Невольно возникает вопрос: неужели у нас в стране не имелось средних и тяжелых гаубиц и мортир? Были, и немало! Более тысячи и новых образцов, и старых. И сотни тысяч снарядов к ним. Но в первые месяцы войны тяжелые гаубицы и мортиры практически не использовались, и их срочно, чтобы пушки не доставались врагу, отправляли в тыл. Те незначительные потери были быстро восстановлены, и к концу 1941 года от промышленности поступило более сотни гаубиц, и их общее число в Красной армии возросло до девятисот единиц.

Если говорить откровенно, то в начальный период войны многие командующие были скрытыми кавалеристами, героями Гражданской войны, они имели смутное представление о боевых характеристиках и конкретных возможностях тяжелых мортир и гаубиц. Не отставало от них и высокое морское начальство, поскольку в боях на море эти самые мортиры и гаубицы просто не использовались за ненадобностью…

К тому же характер войны за первые месяцы боев показывал, что ни на одном фронте не было нужды в тяжелых мортирах и гаубицах. Ни на одном театре боевых действий.

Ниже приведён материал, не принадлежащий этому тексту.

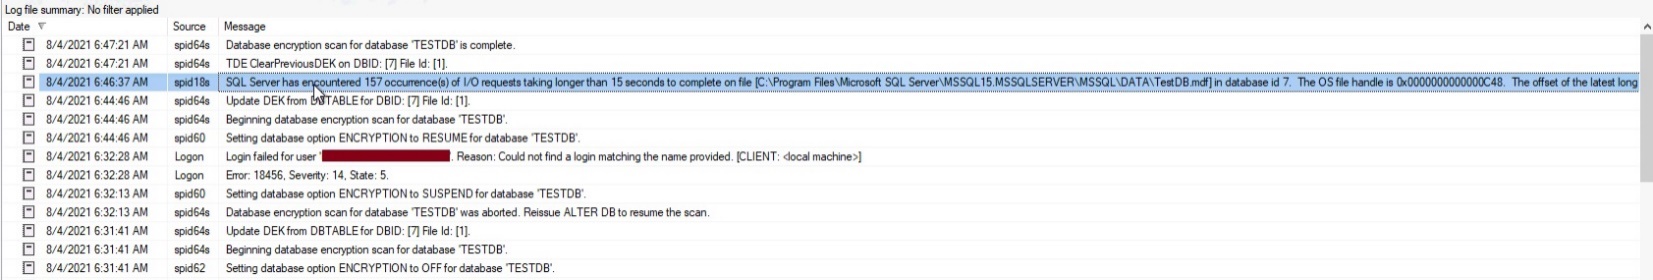 SQL Server error log during decryption process

Ни на одном, кроме Севастополя! А здесь они, тупорылые мортиры и гаубицы, взяли на себя основную боевую нагрузку. Стали козырной картой, и эта карта оказалась в руках врага…

Ко многим трудностям прибавилась еще одна. В первом и особенно четвертом секторе, где гитлеровцы, не считаясь с потерями, напористо рвались к Северной бухте, от жары и нещадно палящего летнего солнца в нейтральной полосе начали разлагаться трупы, которые не успевали ночами убирать гитлеровцы. Ветер приносил в окопы страшный смрад. В знойном воздухе стоял такой тошнотворный дух, что от него некуда было спастись ни днем ни ночью…

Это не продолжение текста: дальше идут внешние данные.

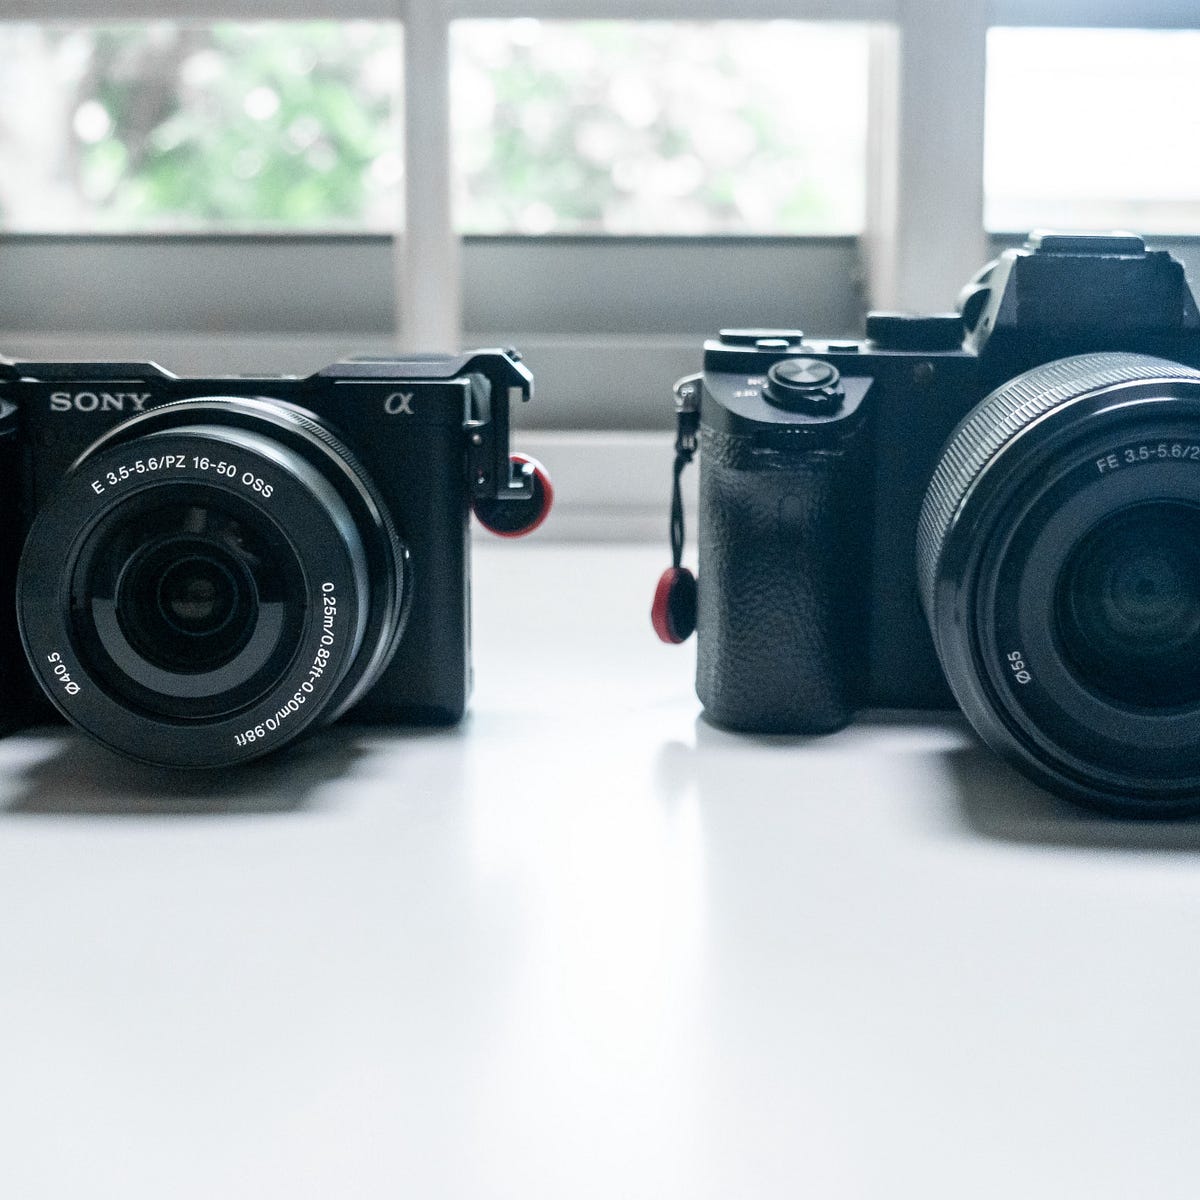 Full Frame VS APS-C Crop Cameras (Sony A7II vs A6400) | by Jameses Tech | Jameses Tech | Medium

Оборона не рвалась под неприятельским напором, но на отдельных участках была просто пробита шквальным градом снарядов.

Войска несли потери, отражая волны атак. И зачастую, отбивая очередной штурм, когда кончались боеприпасы, израсходованы последнее патроны и гранаты, когда уже нечем было отбиваться, перед окопами и в окопах вспыхивал рукопашный бой. Измученные, усталые бойцы находили в себе силы для этой последней и решительной, традиционной для русского воинства схватки лицом к лицу с врагом. И, как правило, гитлеровцы не выдерживали рукопашных схваток…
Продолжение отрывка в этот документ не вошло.